New ‘webs of power’and agrarian transformations in Cambodia: Where are the women

Type Working Paper
Title New ‘webs of power’and agrarian transformations in Cambodia: Where are the women
Author(s)
Publication (Day/Month/Year) 2015
URL http://www.iss.nl/fileadmin/ASSETS/iss/Research_and_projects/Research_networks/BICAS/BICAS_WP_8-Park​.pdf
Abstract
In February 2012 Economic Land Concessions granted to private companies in Cambodia totalled 2,033,664
ha., and increased to 2,289,490 ha. by June 2013, covering 63 per cent of the country’s arable land. Foreign
Direct Investment (FDI) inflows to Cambodia grew by 73 per cent from 2011 to 2012. The country, together
with Myanmar and Vietnam, is referred to as one of the ‘emerging bright spots of the subregion’. The
significant rise in private foreign as well as domestic investment has been attributed to a combination of
factors including the rise in global demand for natural rubber, the demand for flex-crops such as palm oil and
maize and finally exports of food staples, such as rice, to food-importing countries. With over 70 per cent of
the population depending on agriculture for their livelihood, the ongoing large-scale acquisition of land is
creating a new underclass of ‘landless people who have no stake in society and nothing left to lose’, with
reports from the human rights organisation LICADHO of over 400,000 people having been affected by landgrabbing
and evictions since 2003. At the same time, new economic actors, novel coalitions of political and
economic interests and new frontiers of land and resources control are being created in a complex scenario
where local political elites, classes of landed bourgeois and foreign actors interact and coalesce shaping
property and labour regimes, creating ‘new legal and practical instruments for possessing, expropriating, or
challenging previous land controls’ and accumulating capital.
This study will analyse the shifts in land control unfolding in Cambodia, and their broader consequences.
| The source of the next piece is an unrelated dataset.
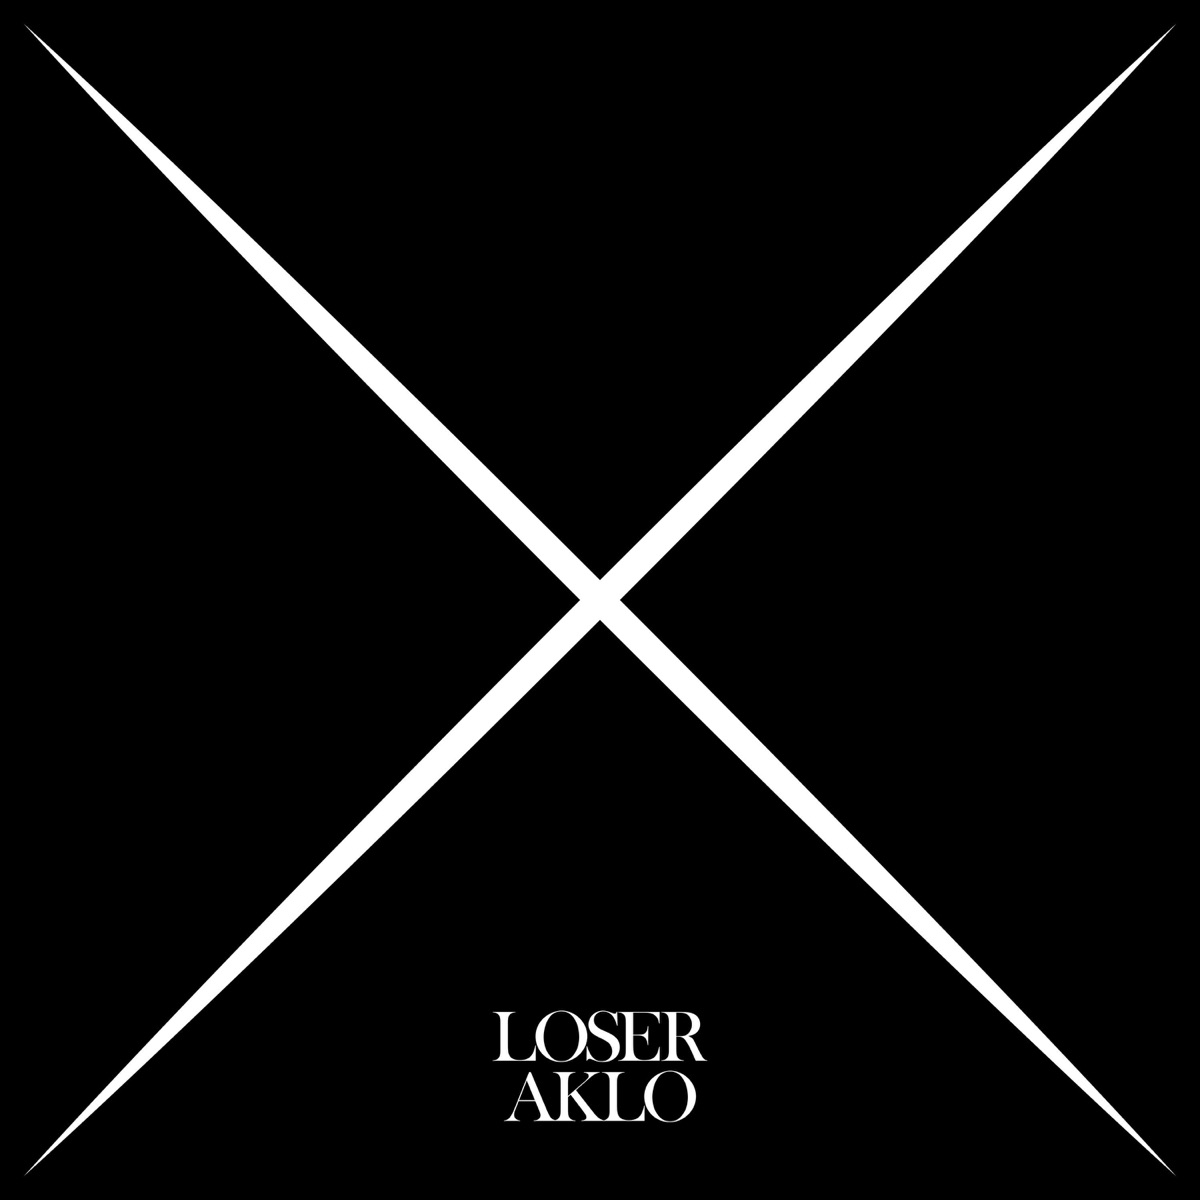 『AKLO - LOSER 歌詞』収録の『LOSER』ジャケット

The implications of the interaction of domestic and transnational regional – Chinese, Vietnamese and Thai -
capital investment will be analysed from a gender and generational perspective, focusing on property and
labour regimes, structures of accumulation and processes of social differentiation and class formation. This
study will also analyse the underlying politics of accumulation looking at the role of mobilization and
resistance, political narratives and discourses, and the emergence and role of new actors and elite classes.